A general view shows a Wall Street sign outside the New York Stock Exchange (NYSE) in New York – Copyright AFP MANDEL NGAN
The Federal Reserve is committed to bringing soaring US inflation back down to two percent, but that will take “a few years,” a top central banker said Tuesday.
The Fed this year has moved aggressively to raise interest rates to try to rein in price surges that have hit American families, and central bankers, notably Fed chief Jerome Powell, have doused any hopes they would alter course anytime soon.
New York Federal Reserve Bank President John Williams echoed Powell’s tough comments, saying the benchmark lending rate will have to remain high for some time to bring demand back into line with supply.
US annual inflation ebbed slightly in July to a still-painfully high 8.5 percent, and Williams said the Fed is “absolutely committed” to achieving the two-percent goal.

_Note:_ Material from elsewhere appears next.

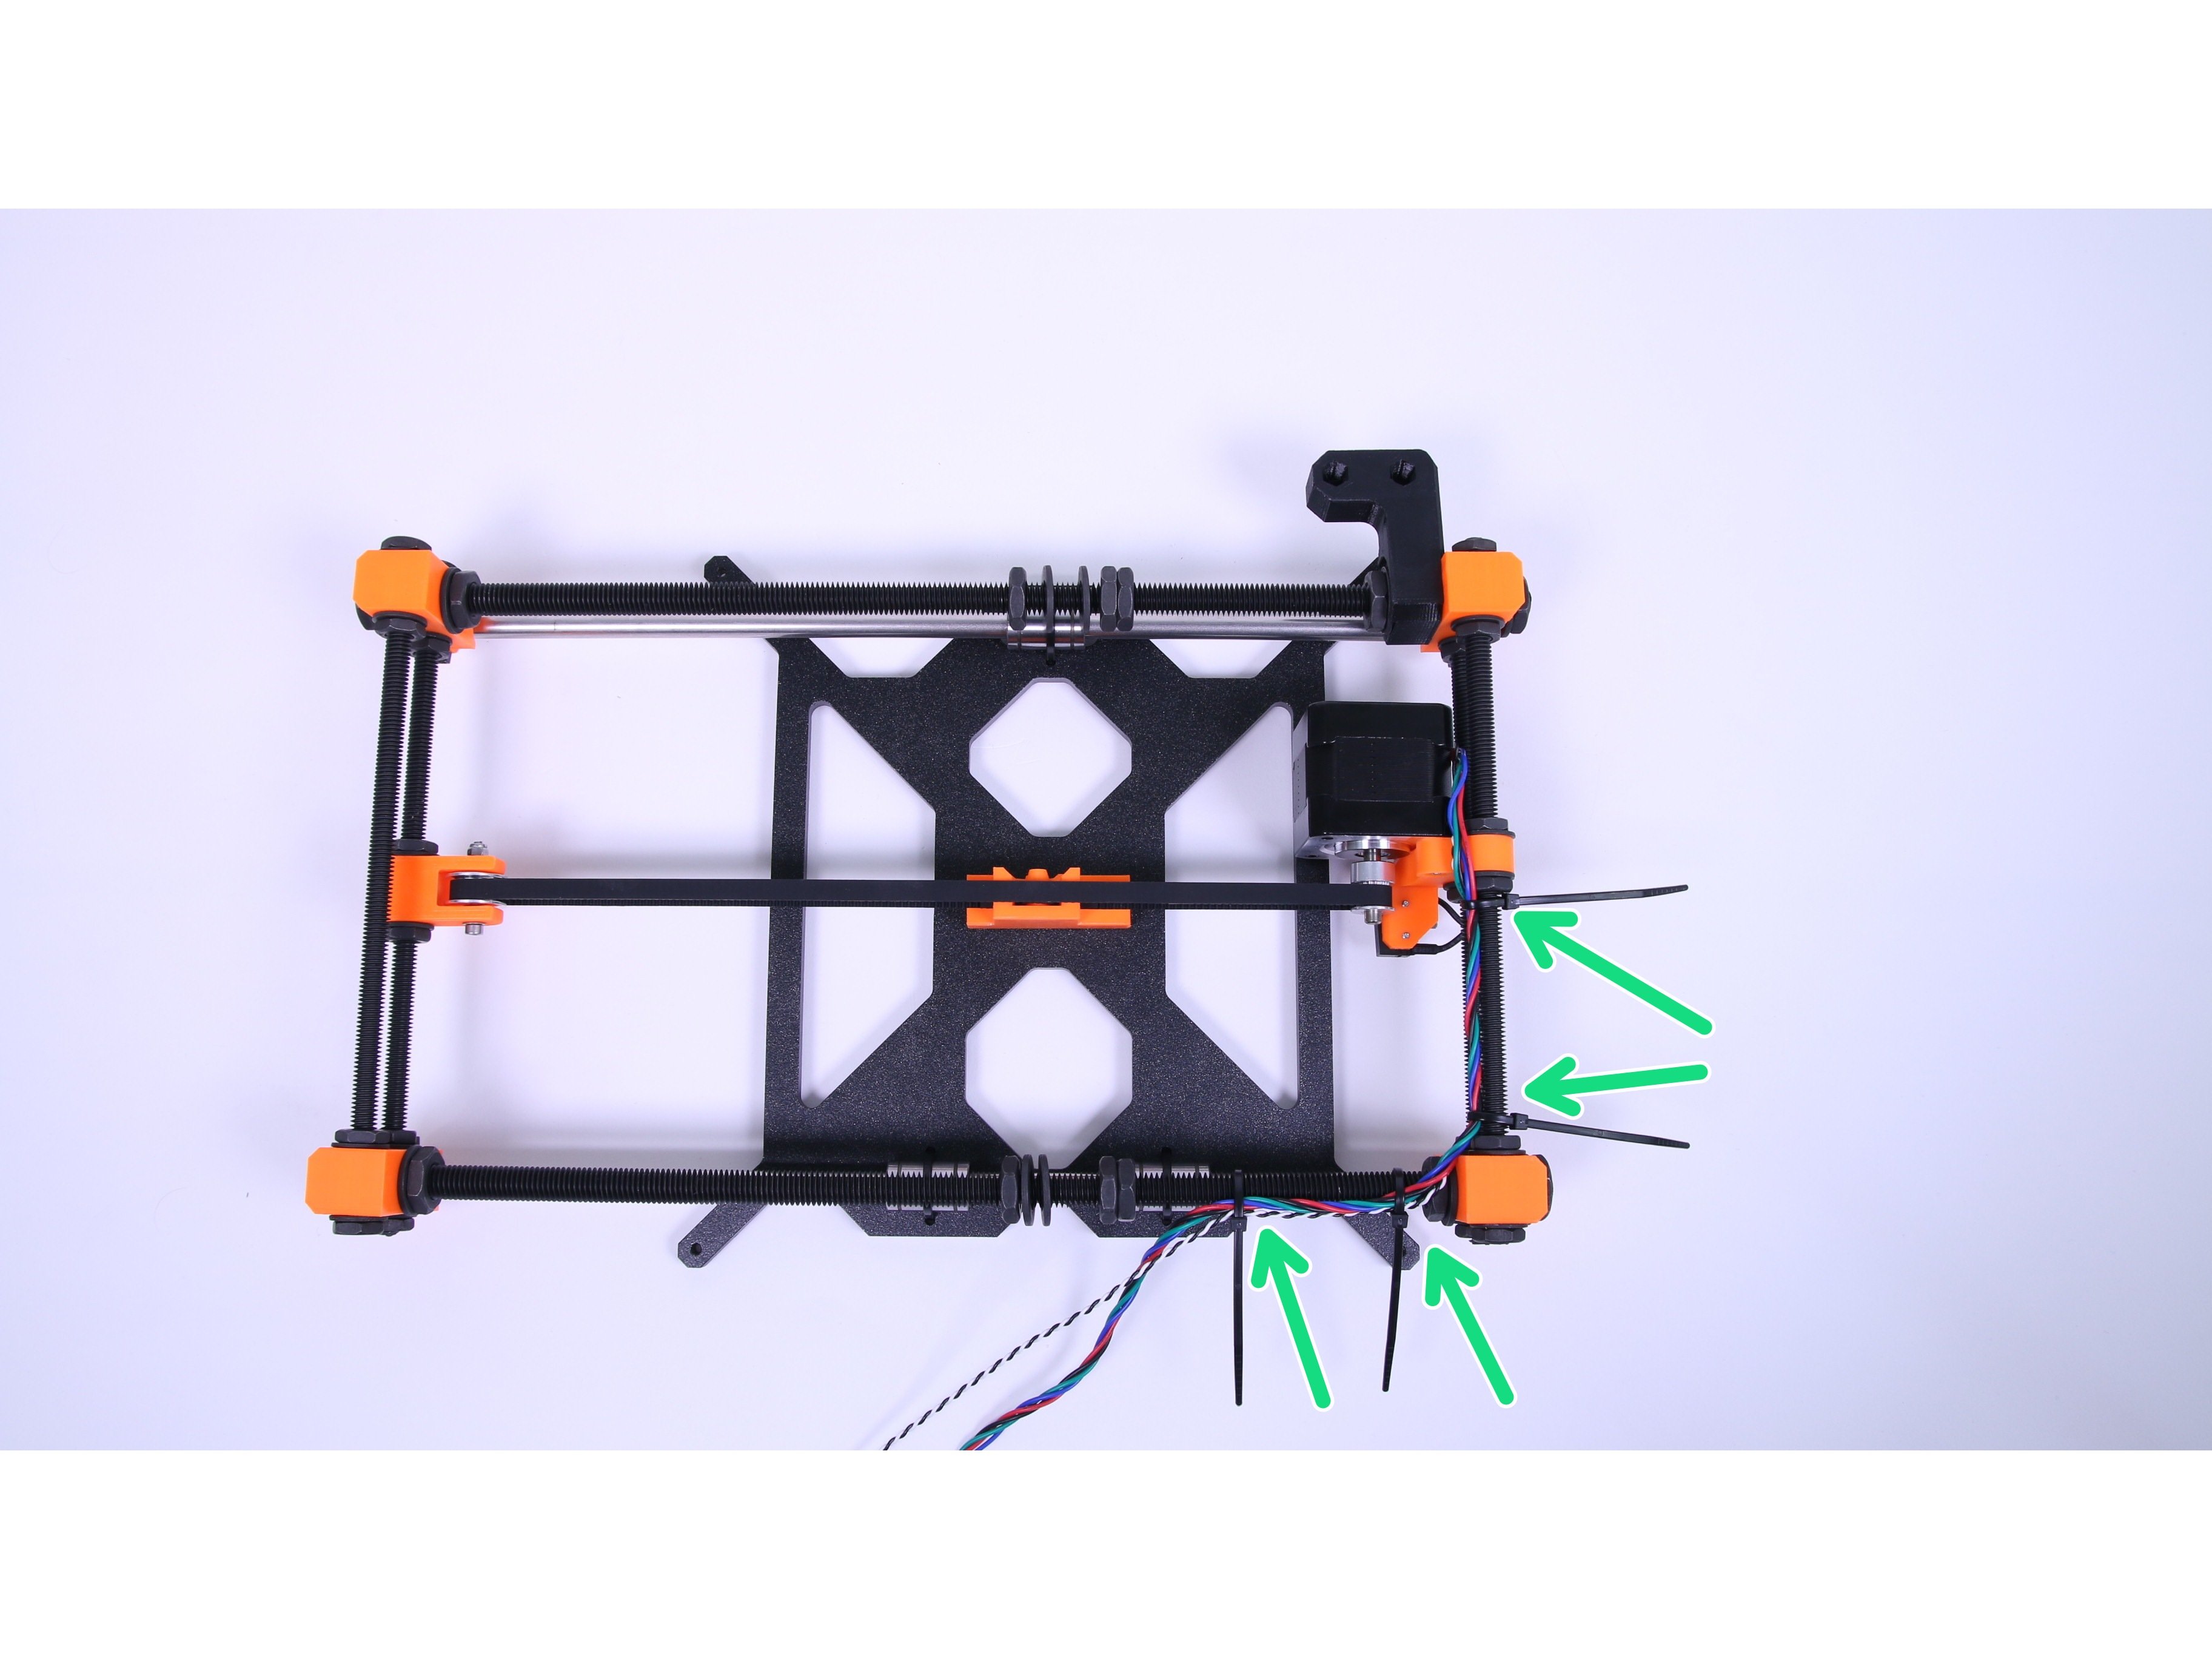 Y-axis stage cable management
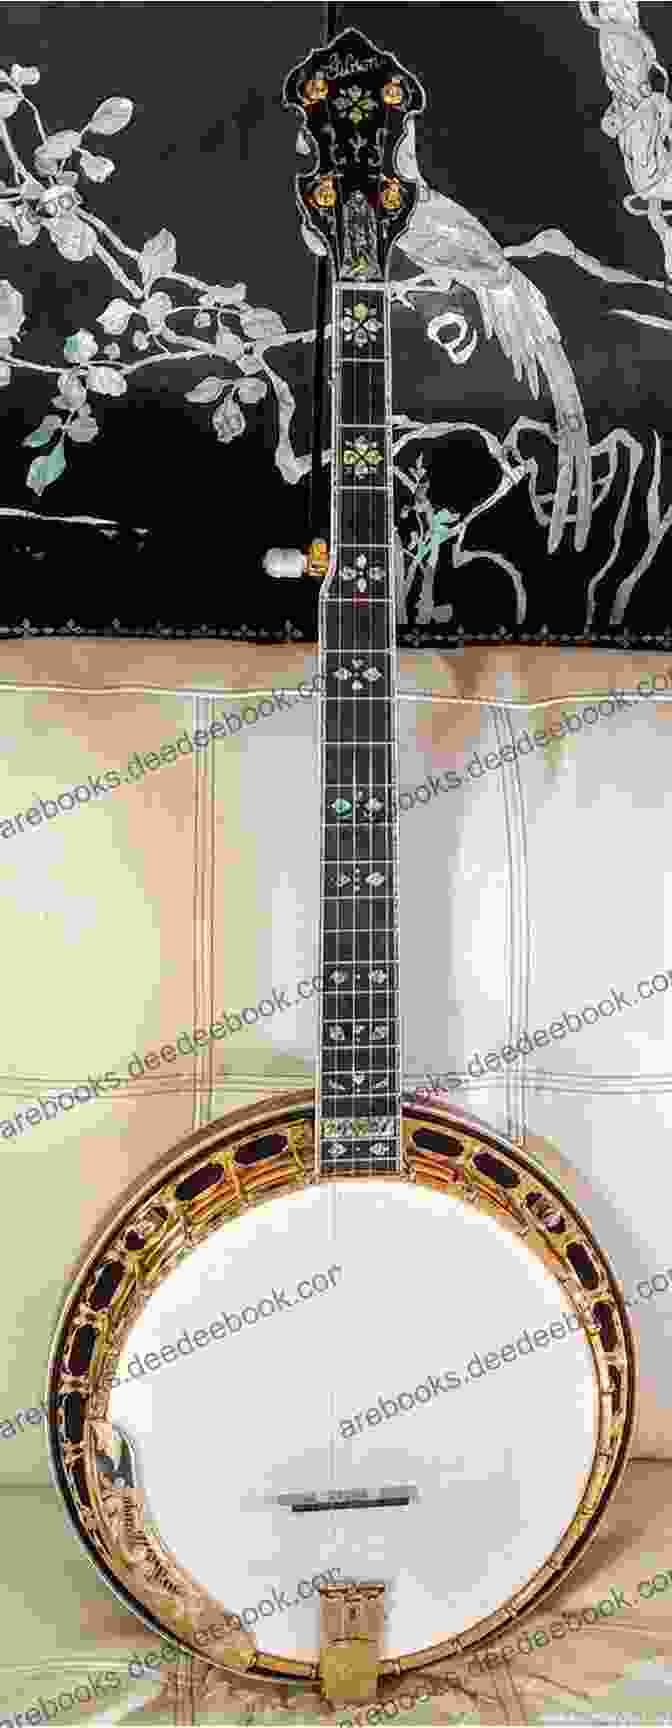 A Close Up Of A Scruggs Banjo, Highlighting Its Intricate Fingerboard And Resonator 5 String Banjo Styles For 6 String Guitar

“The situation is very challenging. Inflation is very high. The economy has a lot of crosscurrents. I do think it will take a few years, but we’re going to get that done,” Williams said in a discussion with The Wall Street Journal.
The Fed has increased the key lending rate four times this year, including two supersized 0.75 percentage point hikes in June and July, and Powell said Friday another similar increase is possible next month as well.
Inflation was already high at the start of the year and spiked globally following the Russian invasion of Ukraine, but gas prices at the pump have been moving down in recent weeks, taking some of the pressure off American consumers.
That in turn led to a jump in consumer confidence in August, according to The Conference Board’s monthly survey released Tuesday.
But the US labor market remains very strong, which the Fed fears will add fuel to the inflation fires as wages rise.
New data from the Labor Department Tuesday showed that after dipping in June, job openings rebounded slightly in July, which means there are about two positions available for every unemployed person in the country.
The Fed on Friday will get a look at one more employment report before its September 20-21 policy meeting, and will look for a slowdown after the surprise surge in July.
Williams said the September policy decision will depend on the data, but added “it’s clear that we need to get interest rates significantly higher by the end of the year.”
Inflation is “far too high. And that’s really what we’re focusing on.”